Петя колеблется с минуту. Оглядывается вокруг. Берет ключи.
– Только быстро! Не дай Бог, узнает начальство.
Ведет нас к старому знакомому, которого сегодня предстоит узнать поближе.
– Это собор Рождества Пресвятой Богородицы, – объясняет. – Сколько он видел на своем веку, сколько раз перестраивался, ни словом сказать, ни пером описать. Пережил смутные времена, крестьянские восстания, войны, революцию…
– Сейчас находится под угрозой исчезновения, – добавляет Тышко.
– Еще в летописях XII века неоднократно упоминался деревянный острог, на месте которого в конце XVI построили каменную цитадель, – продолжает бывший монах. – Называлась она Кремлем и была шестиугольной в плане, с круглыми угловыми башнями и квадратной надвратной.
Не случайно здесь поселились монахи, в случае войны защищали монастырь-крепость…
Подвел к трехэтажной постройке, в которой сейчас цех завода.
– В ней трудно узнать Иоанновскую церковь, – сказал. – Несмотря на внушительные размеры, ее одноглавый силуэт хорошо вписывался в ансамбль. После революции, когда монастырь ликвидировали, купол снесли. Церковь стала похожа на большой жилой дом.
– Здесь сейчас гараж, – объясняет Тышко, показывая на продолговатое одноэтажное здание.
Оно наполовину разрушено. Везде валяется металл, разлито масло, стены исписаны, закопчены.
– Смотреть больно на такую срамоту, – возмущается Тышко. – Не верится, что наши люди на такое способны.
Подходим к колокольне. Невольно останавливаемся, чтобы потрогать ее стены, пощупать руками историю.
И мы, и взрослые несколько минут стоим без движения. Мне кажется, что в такие минуты перед глазами проходит вся жизнь. Как на исповеди, о которой нам говорила бабушка: все хорошее и плохое.
– Теперь видите, что теряем? – обращается к нам с Надей Тышко.
– Постройки разрушаются, – говорит Петя. – На куполах нет покрытия, виднеются черные доски. Дожди и ветры убрали верхний слой штукатурки. В нескольких местах стены потрескались. Но все равно не оставляют людей равнодушными.
– Недолго им осталось стоять, – говорит Тышко. – Хоть и строили раньше добротно.
Петя добавляет:
– Здесь творилась история не только нашего городка, но и всея страны. Сначала Киевской Руси, затем государства Российского. Забыли! Все забыли!
– Короткая у нас память, – соглашается Тышко. – Вот в чем беда.
Бывший монах уже не помнит о неприятностях, которые могут ожидать, если узнают, что он пустил на военный завод посторонних людей. Увлекает нас в Иоанновскую церковь, где теперь находится цех. Здание построено прямо на отвесной кирпичной стене.
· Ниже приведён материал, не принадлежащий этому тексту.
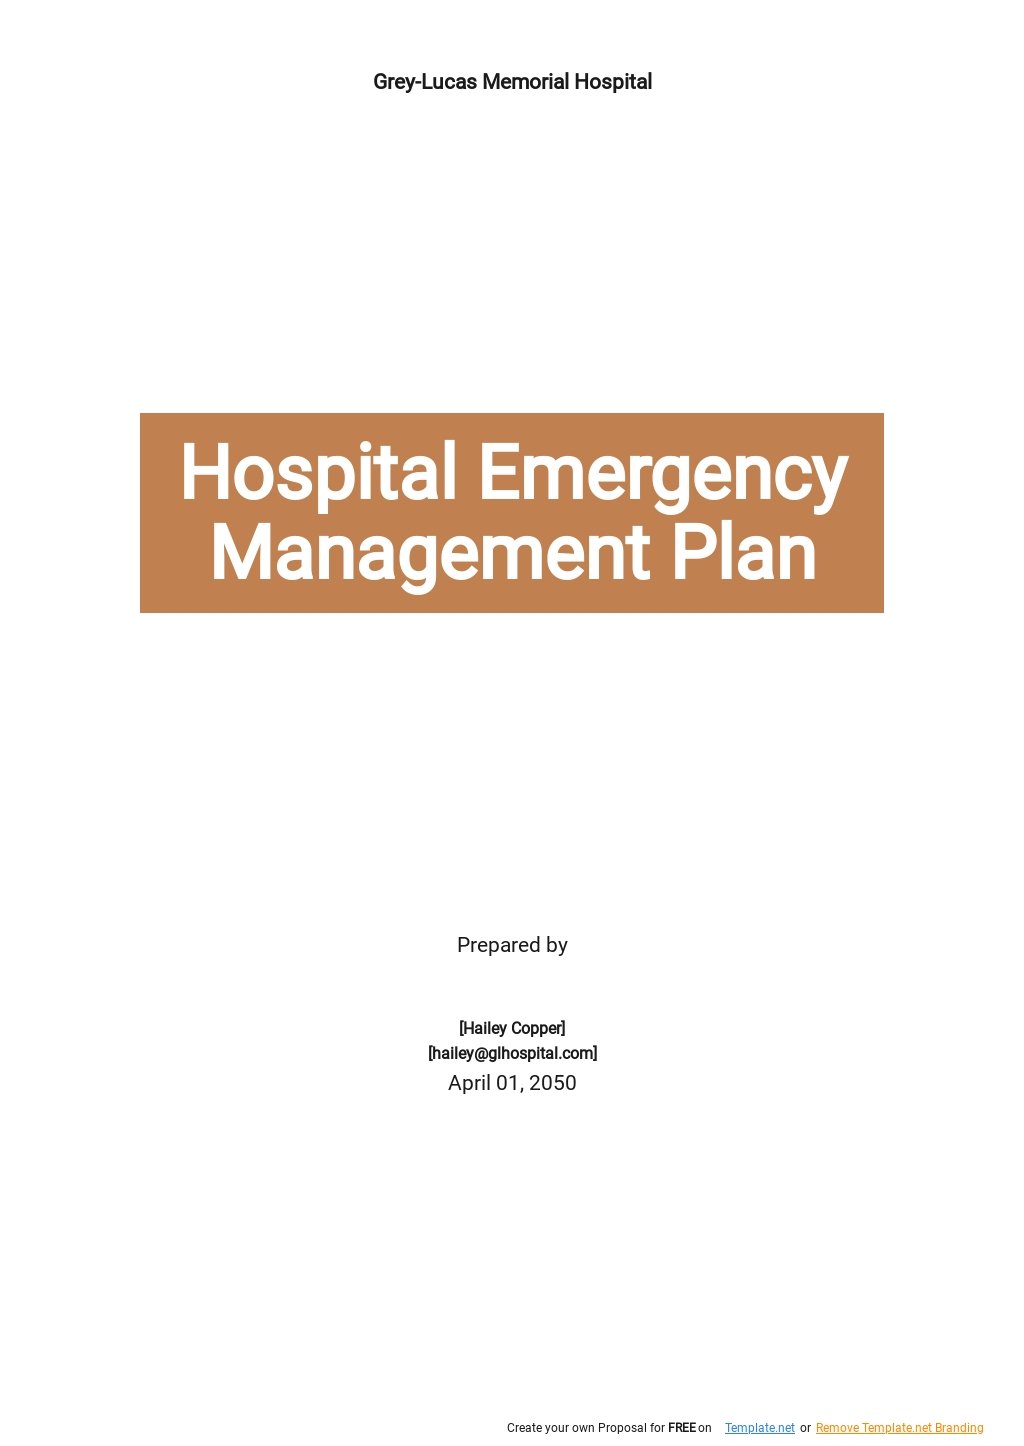 Hospital Emergency Management Plan Template.jpe

Даже то, что осталось от штукатурки на фасаде, свидетельствует о его богатой отделке. К сожалению, уже несколько десятилетий помещение не ремонтировалось. Его вроде бы проверяют на выживаемость: сколько выстоит без ремонтов. В нем такой же развал, как везде на площадке. Помещение эксплуатируют беспощадно.
Поднимаемся на второй этаж. В несколько рядов – станки. В одном месте разворочен пол.
– Посмотрите, як ваши прадеды строили, – обращается к нам с Надей Петя.
Показывает в несколько обхватов дуб.
– Сейчас в лесу такого днем с огнем не найдешь, – объясняет Тышко.
Со второго этажа смотрим вокруг. На речку, луга, озера, леса. Все лежит под нами. Создается впечатление, что парим над всем этим. Столько свободы, простора, тишины. И Вечности.
Петя задумался, смотрит вниз и уже никуда не спешит.
Выводит нас из оцепенения отец Нади:
– Хорошего – понемножку. Пора бежать.
3
К нашему возвращению женщины продали товар и успели походить по рядам. Сидели на возу, рассматривали покупки. В основном – школьные принадлежности: учебники, тетради, ручки, карандаши…
– Где бродили? – спросила недовольно Маша, увидев нас.
– Не представляете! – выпалила сияющая Надя. – В монастырь ходили.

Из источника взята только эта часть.